→ Supplied material:
——

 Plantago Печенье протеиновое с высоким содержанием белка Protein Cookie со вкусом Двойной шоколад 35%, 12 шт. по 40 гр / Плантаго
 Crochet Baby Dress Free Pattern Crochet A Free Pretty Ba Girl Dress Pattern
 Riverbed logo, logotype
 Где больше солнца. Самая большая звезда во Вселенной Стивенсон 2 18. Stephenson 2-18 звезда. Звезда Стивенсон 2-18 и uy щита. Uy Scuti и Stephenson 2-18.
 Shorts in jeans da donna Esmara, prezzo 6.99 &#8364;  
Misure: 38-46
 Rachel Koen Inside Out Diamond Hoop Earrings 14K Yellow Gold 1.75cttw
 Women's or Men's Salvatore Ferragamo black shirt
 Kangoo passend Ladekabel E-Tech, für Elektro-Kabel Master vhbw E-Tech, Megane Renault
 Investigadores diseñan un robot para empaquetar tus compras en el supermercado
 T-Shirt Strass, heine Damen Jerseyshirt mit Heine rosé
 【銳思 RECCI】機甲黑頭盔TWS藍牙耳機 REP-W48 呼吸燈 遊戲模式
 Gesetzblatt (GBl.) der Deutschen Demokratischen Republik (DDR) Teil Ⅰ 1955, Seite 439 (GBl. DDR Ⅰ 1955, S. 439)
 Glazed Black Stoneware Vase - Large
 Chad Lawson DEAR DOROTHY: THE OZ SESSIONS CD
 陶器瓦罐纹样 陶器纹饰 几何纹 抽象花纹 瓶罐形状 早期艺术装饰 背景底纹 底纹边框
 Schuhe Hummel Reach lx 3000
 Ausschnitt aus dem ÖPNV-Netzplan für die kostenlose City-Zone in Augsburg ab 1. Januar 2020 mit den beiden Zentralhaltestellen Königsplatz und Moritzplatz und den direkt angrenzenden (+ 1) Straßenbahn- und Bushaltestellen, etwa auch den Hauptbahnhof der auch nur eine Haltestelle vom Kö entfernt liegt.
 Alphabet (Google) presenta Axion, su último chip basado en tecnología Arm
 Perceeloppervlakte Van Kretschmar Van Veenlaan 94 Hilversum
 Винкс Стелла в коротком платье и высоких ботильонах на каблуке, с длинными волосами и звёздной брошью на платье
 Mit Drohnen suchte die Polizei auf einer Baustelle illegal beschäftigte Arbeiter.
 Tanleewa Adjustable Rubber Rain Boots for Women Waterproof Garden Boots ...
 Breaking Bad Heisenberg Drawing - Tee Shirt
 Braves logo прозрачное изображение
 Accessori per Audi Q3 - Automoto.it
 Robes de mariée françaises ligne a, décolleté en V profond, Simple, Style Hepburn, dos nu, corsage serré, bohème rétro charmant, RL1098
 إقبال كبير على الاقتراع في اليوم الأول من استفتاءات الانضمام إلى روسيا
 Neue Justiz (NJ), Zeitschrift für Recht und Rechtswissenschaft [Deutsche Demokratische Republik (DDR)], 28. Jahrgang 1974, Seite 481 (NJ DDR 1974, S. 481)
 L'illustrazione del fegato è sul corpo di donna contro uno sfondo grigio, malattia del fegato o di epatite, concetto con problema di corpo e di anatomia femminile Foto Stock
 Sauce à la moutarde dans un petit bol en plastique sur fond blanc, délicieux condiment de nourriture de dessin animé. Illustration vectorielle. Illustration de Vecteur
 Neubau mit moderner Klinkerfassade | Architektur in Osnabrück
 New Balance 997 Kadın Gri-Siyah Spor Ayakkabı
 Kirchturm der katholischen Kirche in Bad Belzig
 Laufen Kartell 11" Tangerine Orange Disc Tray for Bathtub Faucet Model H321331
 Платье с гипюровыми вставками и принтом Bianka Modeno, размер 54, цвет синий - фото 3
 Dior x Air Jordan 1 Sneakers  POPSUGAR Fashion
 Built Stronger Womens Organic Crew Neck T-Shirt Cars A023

——

→ Problem requirements:
Return every line of the listing above that contains "Seite".

→ The completed task:
 Gesetzblatt (GBl.) der Deutschen Demokratischen Republik (DDR) Teil Ⅰ 1955, Seite 439 (GBl. DDR Ⅰ 1955, S. 439)
 Neue Justiz (NJ), Zeitschrift für Recht und Rechtswissenschaft [Deutsche Demokratische Republik (DDR)], 28. Jahrgang 1974, Seite 481 (NJ DDR 1974, S. 481)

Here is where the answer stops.